Stored items
________________

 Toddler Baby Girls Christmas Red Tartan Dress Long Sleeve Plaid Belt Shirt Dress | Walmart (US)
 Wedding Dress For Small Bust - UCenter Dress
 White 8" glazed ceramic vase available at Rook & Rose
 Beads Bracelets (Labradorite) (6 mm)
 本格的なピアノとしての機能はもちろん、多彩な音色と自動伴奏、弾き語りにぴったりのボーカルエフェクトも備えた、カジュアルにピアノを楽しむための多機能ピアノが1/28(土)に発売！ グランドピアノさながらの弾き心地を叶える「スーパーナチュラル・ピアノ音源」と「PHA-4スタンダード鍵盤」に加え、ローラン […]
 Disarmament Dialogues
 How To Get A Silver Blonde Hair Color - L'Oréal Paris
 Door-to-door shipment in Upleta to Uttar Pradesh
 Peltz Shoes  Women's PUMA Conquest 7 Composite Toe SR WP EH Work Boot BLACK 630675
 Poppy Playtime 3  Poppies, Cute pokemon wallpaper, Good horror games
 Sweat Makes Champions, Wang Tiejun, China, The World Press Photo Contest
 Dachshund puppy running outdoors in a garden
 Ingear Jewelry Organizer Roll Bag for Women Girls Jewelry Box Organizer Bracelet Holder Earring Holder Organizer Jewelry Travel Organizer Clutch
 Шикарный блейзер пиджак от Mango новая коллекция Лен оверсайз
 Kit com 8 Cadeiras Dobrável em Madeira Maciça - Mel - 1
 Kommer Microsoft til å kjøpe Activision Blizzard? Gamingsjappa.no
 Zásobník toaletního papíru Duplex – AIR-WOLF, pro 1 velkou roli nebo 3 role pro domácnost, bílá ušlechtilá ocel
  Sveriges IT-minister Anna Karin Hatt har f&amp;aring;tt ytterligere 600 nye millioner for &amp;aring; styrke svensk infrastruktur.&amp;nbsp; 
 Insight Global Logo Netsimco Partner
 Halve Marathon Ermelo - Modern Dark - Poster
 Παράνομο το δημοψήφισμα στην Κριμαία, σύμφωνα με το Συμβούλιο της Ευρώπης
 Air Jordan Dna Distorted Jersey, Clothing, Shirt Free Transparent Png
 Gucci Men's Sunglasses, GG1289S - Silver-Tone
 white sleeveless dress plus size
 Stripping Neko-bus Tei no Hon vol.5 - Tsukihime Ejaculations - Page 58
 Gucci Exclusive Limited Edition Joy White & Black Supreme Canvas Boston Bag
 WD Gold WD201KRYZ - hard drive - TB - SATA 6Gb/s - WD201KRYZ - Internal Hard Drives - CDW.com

________________

Could you write out, exactly, each line of the data above from the one containing "Gucci Men's Sunglasses, GG1289S" through the last, including both?

 Gucci Men's Sunglasses, GG1289S - Silver-Tone
 white sleeveless dress plus size
 Stripping Neko-bus Tei no Hon vol.5 - Tsukihime Ejaculations - Page 58
 Gucci Exclusive Limited Edition Joy White & Black Supreme Canvas Boston Bag
 WD Gold WD201KRYZ - hard drive - TB - SATA 6Gb/s - WD201KRYZ - Internal Hard Drives - CDW.com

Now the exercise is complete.